Since p-values = 0.0, we reject the null hypothesis.

#### e). estimate the probability

In [10]:
# define the cdf for lognormal distribution 
def lognormal_cdf(x, mu, sigma):
    x_trans = (np.log(x) - mu)/sigma
    cdf = sts.norm.cdf(x_trans)
    return cdf 

# probability of earning more than $100,000
p_100000 = 1 - lognormal_cdf(100000, mu_MLE, sig_MLE)
print('probability of earning more than $100,000: ', p_100000)

# probability of earning less than $75,000
p_75000 = lognormal_cdf(75000, mu_MLE, sig_MLE)
print('probability of earning less than $75,000: ', p_75000)


probability of earning more than $100,000:  0.229870203058
probability of earning less than $75,000:  0.260233287857


### 2. Linear regression and MLE 

#### a). estimate the paramters 

In [11]:
# linear regression
# sick = beta0 + beta1*age + beta2*children + beta3*temp_winter + epsilon 
sick_dta = pd.read_csv('sick.txt', sep=",", header=0)
n = sick_dta.shape[0]

In [12]:
# define the error term 
def error_term(params, dta):
    (b0, b1, b2, b3, sigma) = params
    sick, age, children, temp_winter = dta
    error = np.sum((sick - b0 - b1*age - b2*children - b3*temp_winter)**2)
    return error

# define the criterion function
def crit2(params, *args):
    (b0, b1, b2, b3, sigma) = params
    sick, age, children, temp_winter = args    
    log_lik_val = (-n/2 * np.log(2 * np.pi)- n * np.log(sigma)-1/(2 * sigma**2) * 
                   error_term(params,(sick, age, children, temp_winter)))
    neg_log_lik_val = -log_lik_val
    return neg_log_lik_val

In [13]:
# maximize the log-likelihood function
b0_int = 0
b1_int = 0
b2_int = 0
b3_int = 0
sig_int = 1      
params_init = np.array([b0_int, b1_int, b2_int, b3_int, sig_int])
args_mle = (sick_dta.sick, sick_dta.age, sick_dta.children, sick_dta.avgtemp_winter)

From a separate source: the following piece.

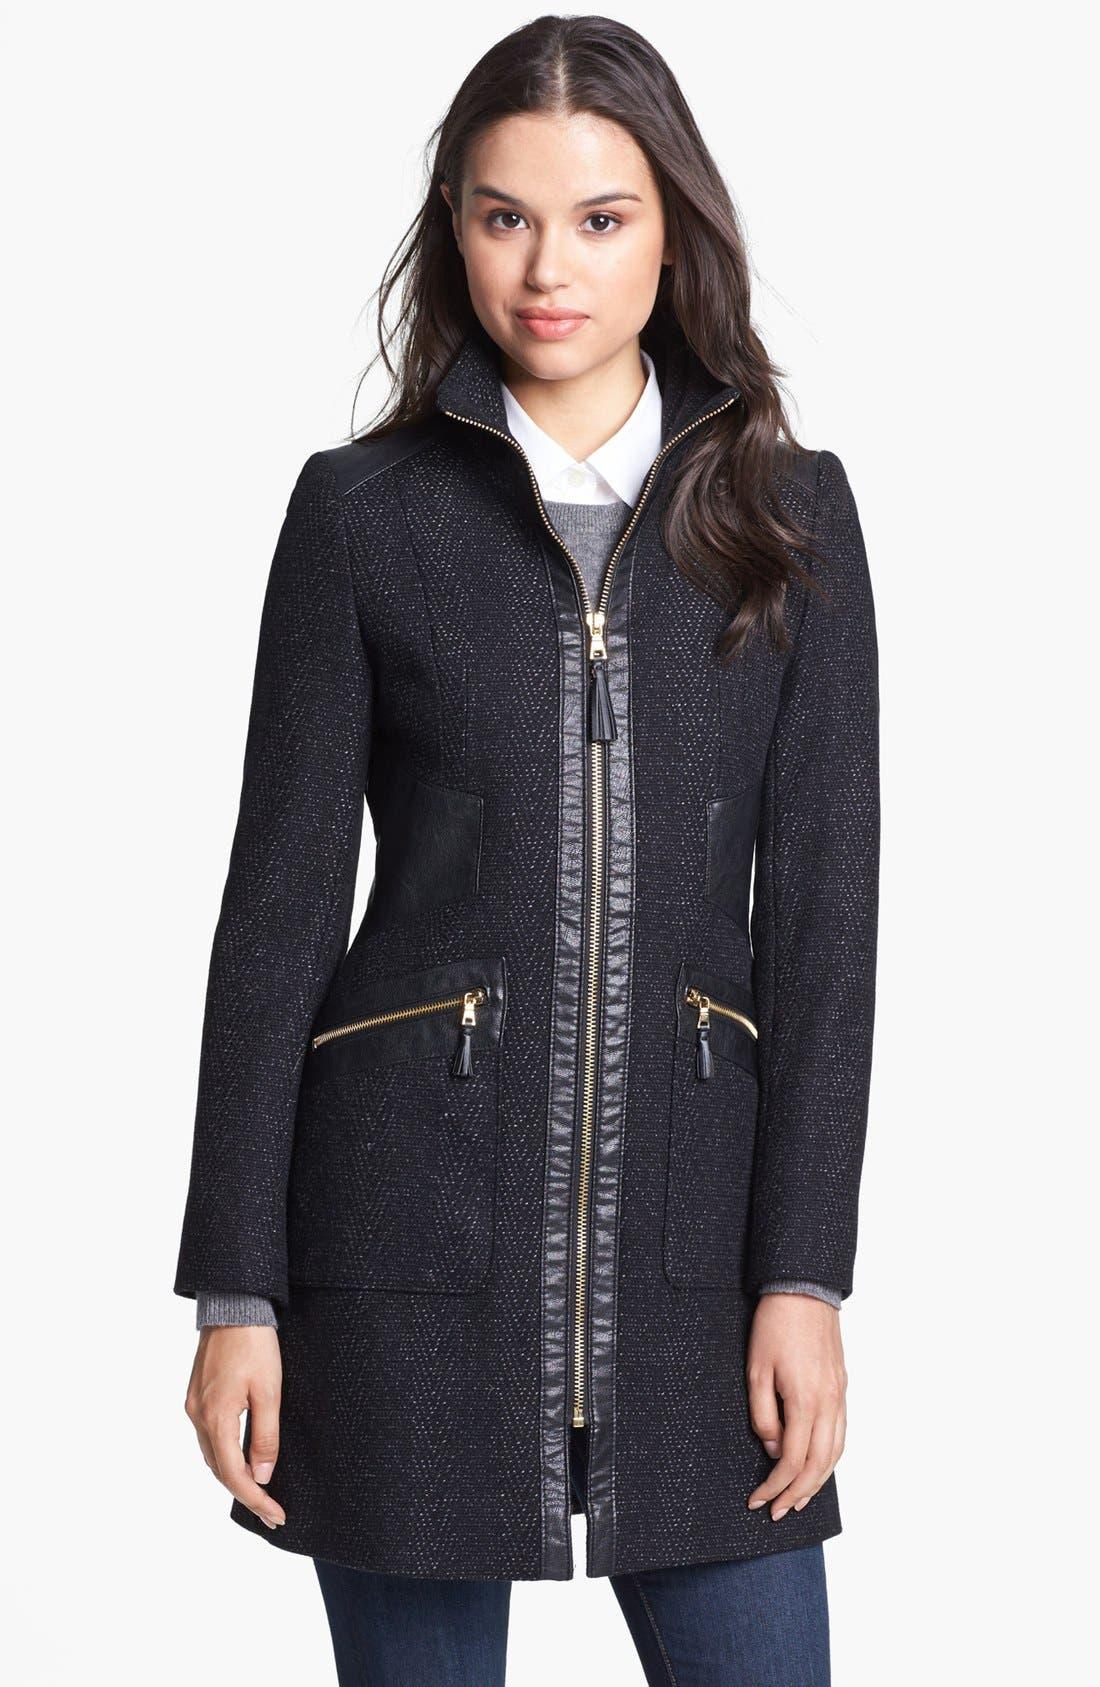 Main Image - Via Spiga Faux Leather Trim Tweed Coat (Petite)

res = opt.minimize(crit2, params_init, args= (args_mle), method = 'L-BFGS-B',
                       bounds=((None, None), (None, None),(None, None),(None, None),
                               (0.00001, None)))

b0_MLE, b1_MLE, b2_MLE, b3_MLE, sig_MLE = res.x
print('b0_MLE, b1_MLE, b2_MLE, b3_MLE, sigma_MLE = ',
     b0_MLE,',',b1_MLE,',', b2_MLE,',', b3_MLE,',', sig_MLE)
print('the value of log likelihood function =', res.fun)

OffDiagNeg = np.identity(5)*2. - np.ones((5,5))
#print(OffDiagNeg)
vcv_mle = res.hess_inv.todense() * OffDiagNeg
print('VCV(MLE) =', vcv_mle)

b0_MLE, b1_MLE, b2_MLE, b3_MLE, sigma_MLE =  0.251644668852 , 0.0129334502367 , 0.400501200357 , -0.00999169405505 , 0.00301768848237
the value of log likelihood function = -876.86506404
VCV(MLE) = [[  2.70656083e+03  -1.68129147e+02   1.74328552e+03   1.49648096e+02
    1.32674974e+01]
 [ -1.68129147e+02   1.04440492e+01   1.08291442e+02   9.29601514e+00
    8.24308663e-01]
 [  1.74328552e+03   1.08291442e+02   1.12284417e+03  -9.63878211e+01
   -8.54641326e+00]
 [  1.49648096e+02   9.29601514e+00  -9.63878211e+01   8.27417772e+00
   -7.33648365e-01]
 [  1.32674974e+01   8.24308663e-01  -8.54641326e+00  -7.33648365e-01
    6.62916716e-02]]


#### b). hypothesis test

In [14]:
# log likelihood for the hypothesized parameter value 
params = (1, 0, 0, 0, 0.01)
sigma = params[4]
dta = sick_dta.sick, sick_dta.age, sick_dta.children, sick_dta.avgtemp_winter
log_lik_h0 = (-n/2 * np.log(2 * np.pi)- n * np.log(sigma)-1/(2 * sigma**2) * 
                   error_term(params, dta))
# log likelihood under MLE 
params_mle = res.x
sig_mle = params[4]
log_lik_mle = (-n/2 * np.log(2 * np.pi)- n * np.log(sig_mle)-1/(2 * sig_mle**2) * 
                   error_term(params_mle,dta))
# compute the likelihood ratio 
LR_val = 2 * (log_lik_mle - log_lik_h0)
pval_h0 = 1.0 - sts.chi2.cdf(LR_val, 5) 
print('chi squared of H0 with 5 degrees of freedom p-value = ', pval_h0)

chi squared of H0 with 5 degrees of freedom p-value =  0.0


According to the result, the likelihood that age, number of children and average winter tempature have no effect on the number of sick days is 0.0.